Традиционный для детективного сюжета центростремительный процесс расследования, ведущий к недвусмысленному обнаружению преступника (Другого), перекрывается у Акунина центробежной проблематизацией самих критериев «инакости» — того, что делает Другого другим. Вторая стратегия подрывает первую, их конфликт исключает для читателя однозначность и размывает оппозицию между «своим» и «другим» — как, впрочем, и между «добром» и «злом».
Как организована такая повествовательная техника?
Акунин постоянно играет с постсоветским желанием найти и демонизировать Другого, представленного в образе кавказца или еврея, капиталиста или гея, немца (Запад) или японца (Восток), или вообще иностранца, а особенно — иностранного филантропа. В то же время Акунин дискредитирует эти стереотипы не прямо, а парадоксально: удовлетворяячитательские ожидания по ходу расследования и по мере перебора версий. В одних случаях Акунин использует читательскую ксенофобию в качестве подразумеваемой почвы,на которую он бросает семена намеков на виновность персонажа, чтобы затем оставить читателя «с носом», демонстрируя непричастность героя к преступлениям и абсурдность якобы доказывающих его (или ее) виновность улик. Эффект от такой игры очевиден: даже самый либеральный читатель поймает себя на том, что действительно подозревалэтого персонажа лишь на том основании, что тот посещает собрания геев, или потому, что он слишком богат, или потому, что он — кавказец.

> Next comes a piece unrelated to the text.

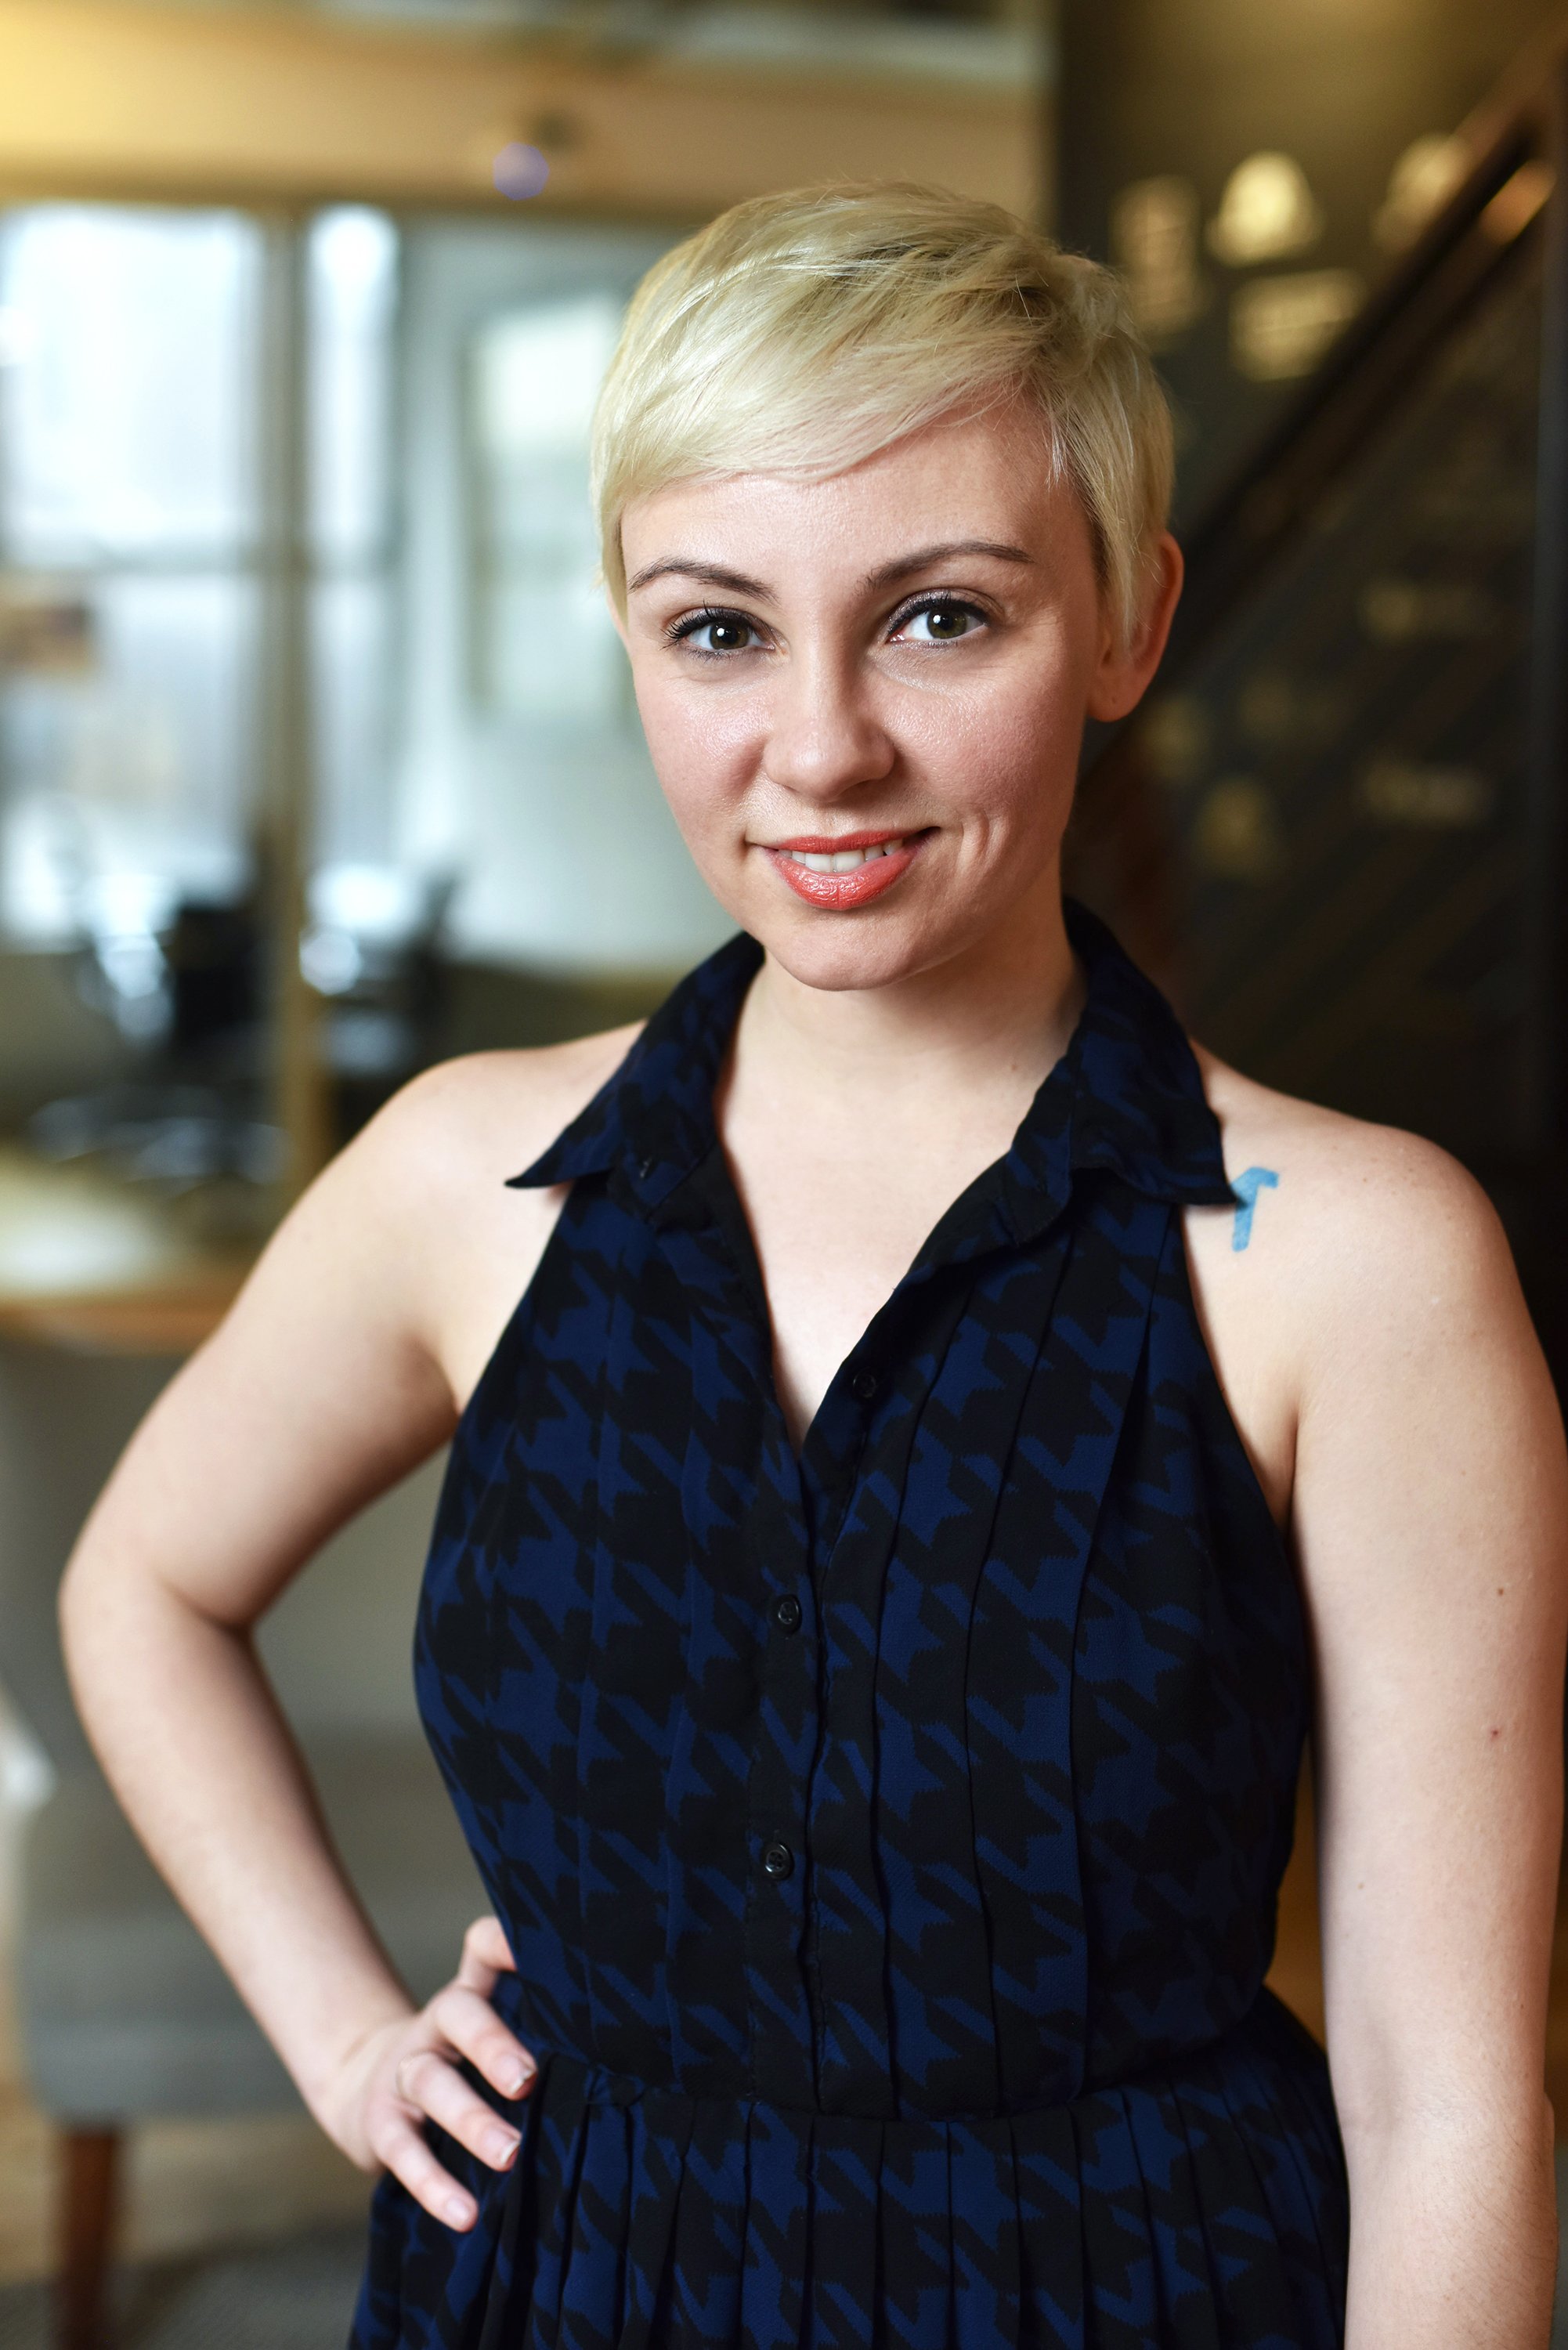  Corporate headshot of a woman in a dark colored checkered dress by Ari Scott, NYC headshot photographer.

В тех же случаях, когда Другой действительно оказывается ответственным за совершенные злодеяния (леди Эстер, Ахимас, Грин или штабс-капитан Рыбников), мотивы его/ее преступления не поддаются упрощенному толкованию. Враги общества из романов Акунина практически никогда не выглядят обыкновенными бандитами; их действия не допускают трактовки с точки зрения однозначно противопоставленных абстрактных категорий добра и зла (единственное, пожалуй, исключение — последовательный негодяй Ахимас). Каждый из «акунинов» в своем поведении фиксирует или заостряет трудноразрешимую нравственную проблему: то заведомо отрицательный персонаж произносит повисающий в воздухе монолог об опасности приближающейся революции и о необходимости предотвратить ее всеми возможными и невозможными мерами («Статский советник»), то у действий обаятельнейшей жертвы убийства обнаруживается недвусмысленно тоталитарная подоплека («Смерть Ахиллеса»), то Фандорин — а с ним и читатель — начинает невольно сопоставлять «силы зла» (бандитов и убийц) со «столпами порядка» (царская семья), в результате которого становится ясно, что ни у одной из сторон конфликта моральных преимуществ нет: «обе хуже» («Коронация»), Немаловажно, что не только рассуждения «акунинов» о грядущем революционно-тоталитарном кошмаре и об упускаемых возможностях его предотвращения, но и сам склад их личностей, их «практические философии» либо резонируют с мыслями и стилем жизни самого Фандорина (Пожарский, Грин, доктор Линд, Момус), либо эти персонажи оказывают непосредственное психологическое влияние на сыщика (Бриллинг, леди Эстер, Тамба). Не удивительно, что хронологически последний из могущественных «акунинов» — «штабс-капитан Рыбников», действующий во время революции 1905 года, — оказывается собственным сыном Фандорина, о существовании которого его отец-следователь так и не узнает.